Perceptions of the employment landscape also deteriorated in December. The proportion of consumers stating that jobs were "plentiful" decreased to 26.7% from 28.2% in November. Conversely, those who felt jobs were "hard to get" rose to 20.8% from 20.1%.

This softening sentiment follows recent official labour data presenting a mixed picture. Government figures showed the US economy added 64,000 jobs in November, a recovery from a loss of 105,000 positions in October. However, the national unemployment rate climbed to 4.6% last month, marking its highest level since 2021.

Recession Warning Signs and a Cautious Economic Outlook

Short-term expectations regarding income, business conditions, and the labour market remained largely unchanged at 70.7. However, this figure has now stayed well below the critical threshold of 80 for 11 consecutive months. Economists often view a sustained reading under 80 as a potential indicator of an approaching recession.
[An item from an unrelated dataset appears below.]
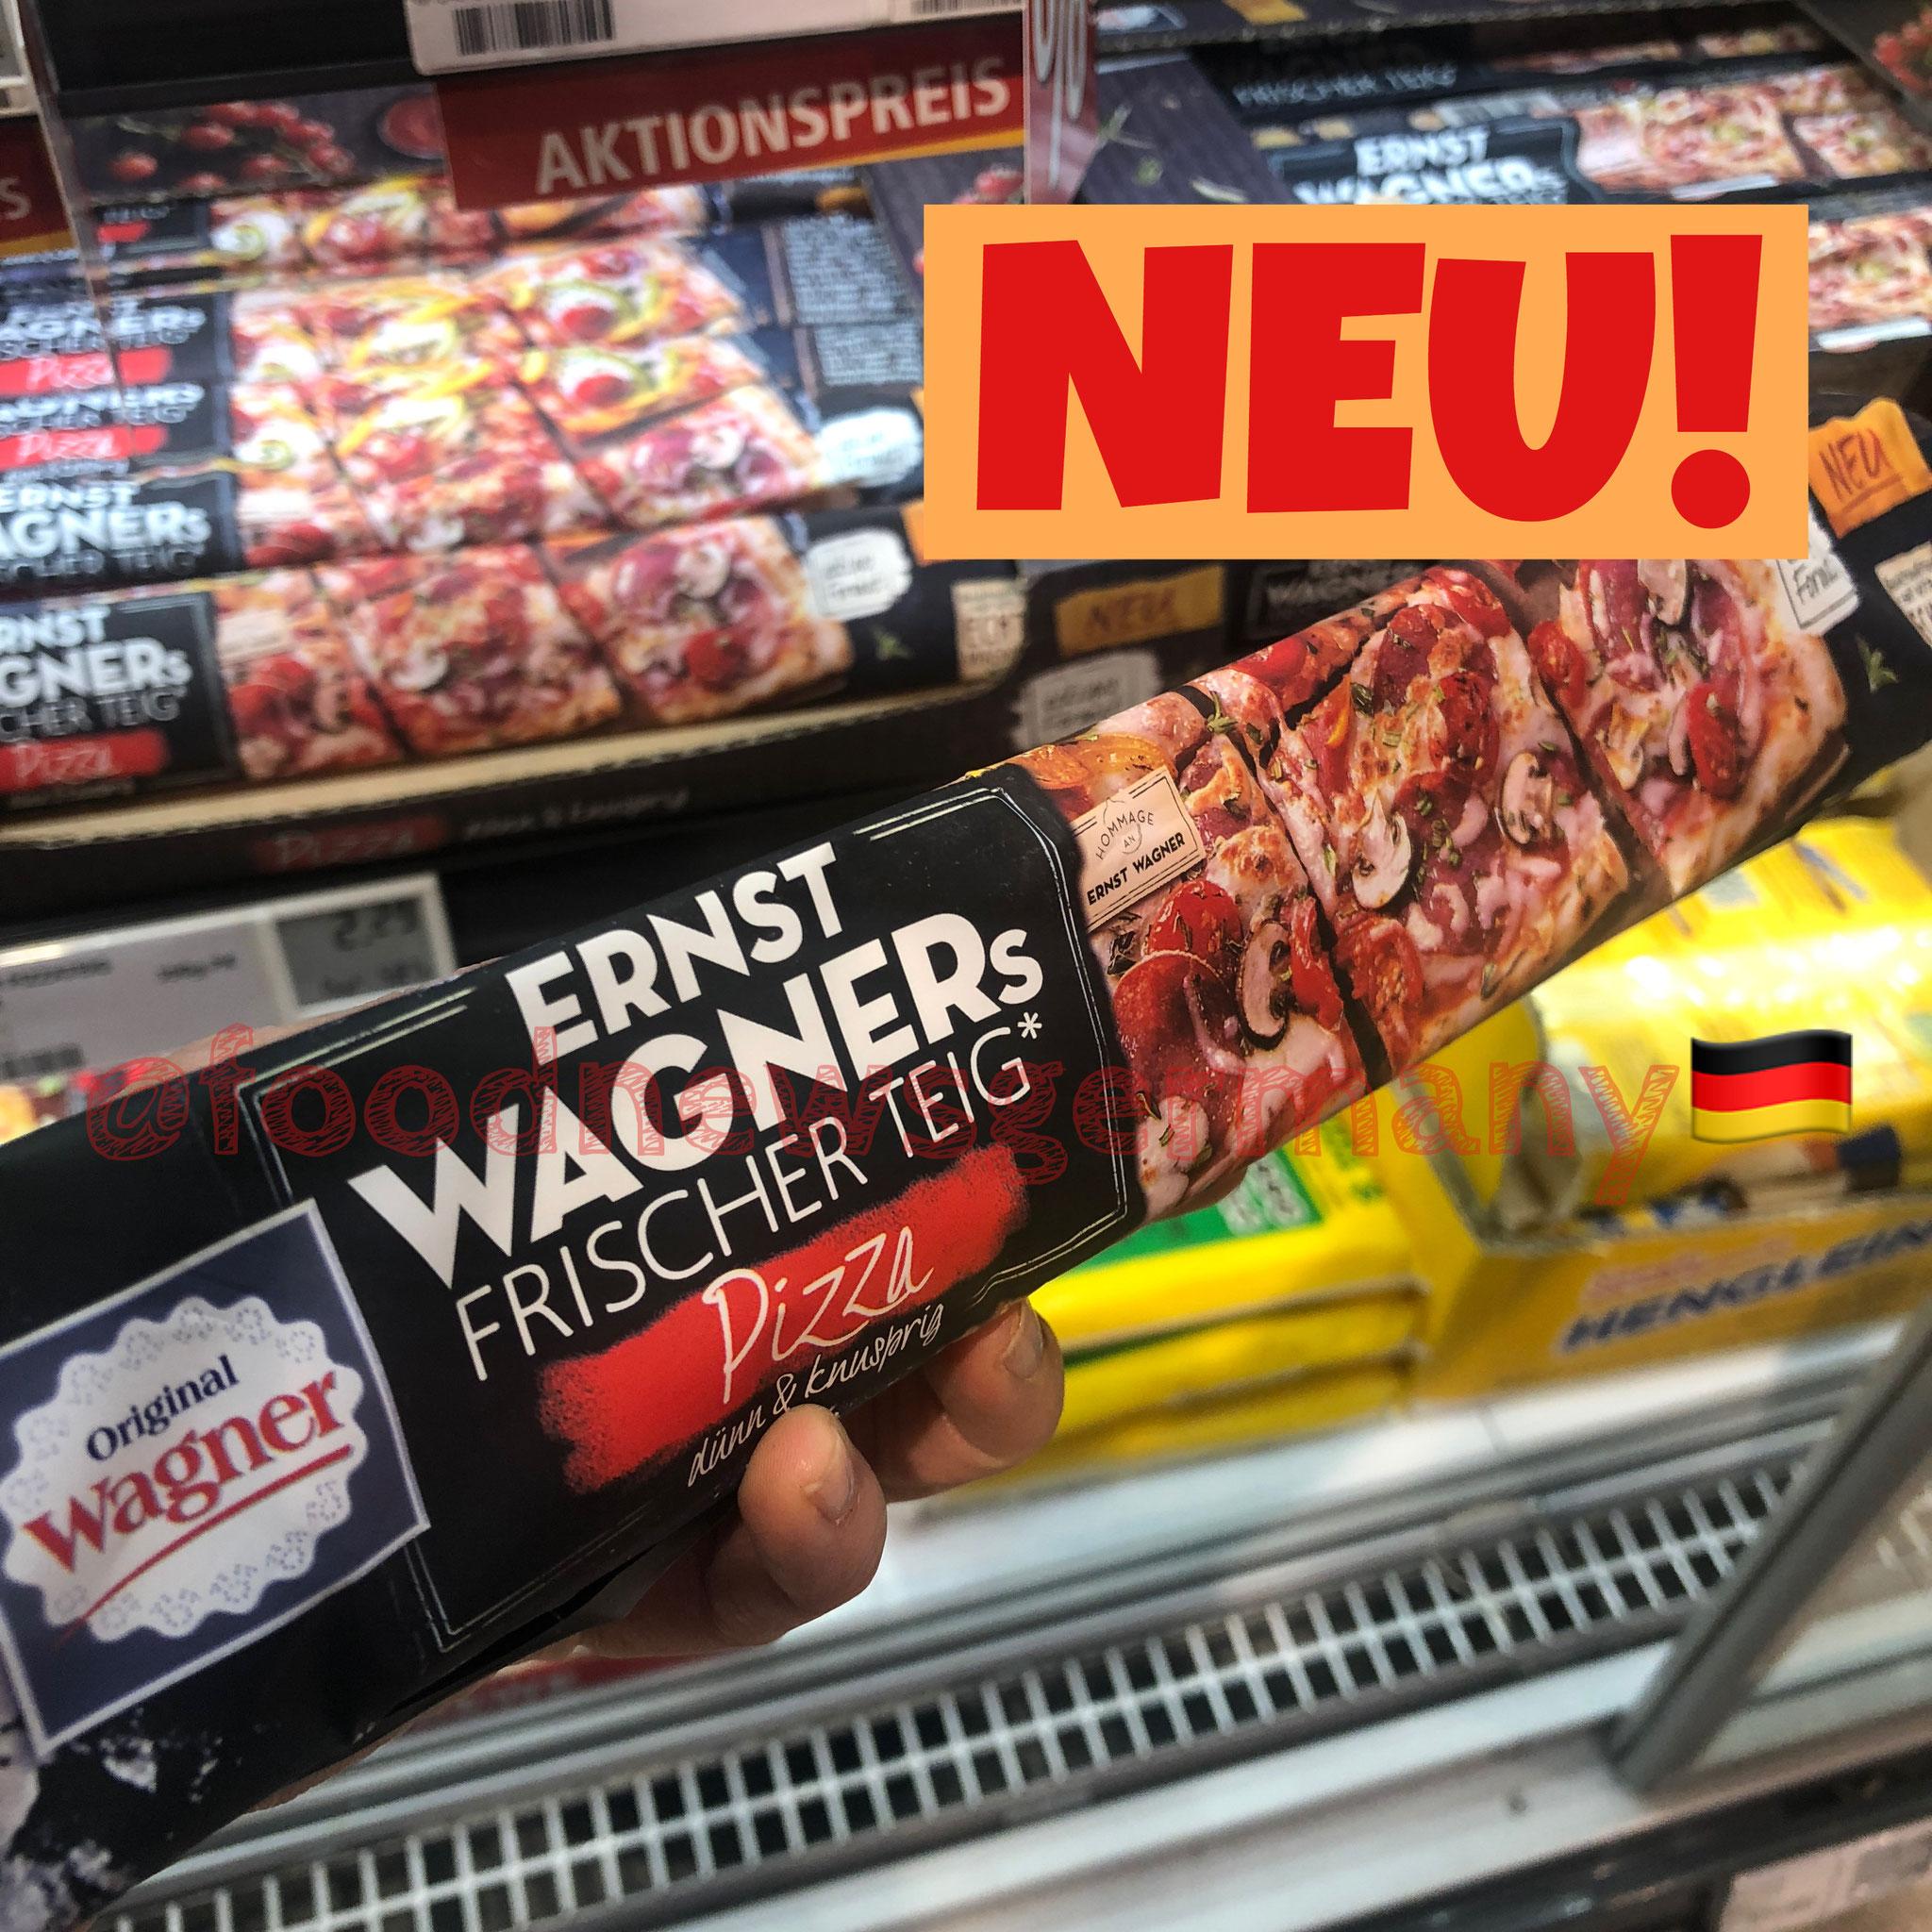 Ernst Wagners Frische Teig Pizza

Experts describe the current labour market as being trapped in a "low hire, low fire" phase. Businesses are exercising extreme caution due to the lingering uncertainty caused by trade tariffs and the ongoing impact of high interest rates. Since March, average monthly job creation has slowed dramatically to approximately 35,000, down from 71,000 in the year ending March. Federal Reserve Chair Jerome Powell has suggested these job figures might be revised even lower in the future.

The collective data paints a picture of an American consumer growing increasingly pessimistic. The combination of inflationary pressures, global trade tensions, and a cooling job market is creating significant headwinds for the world's largest economy as it heads into the new year.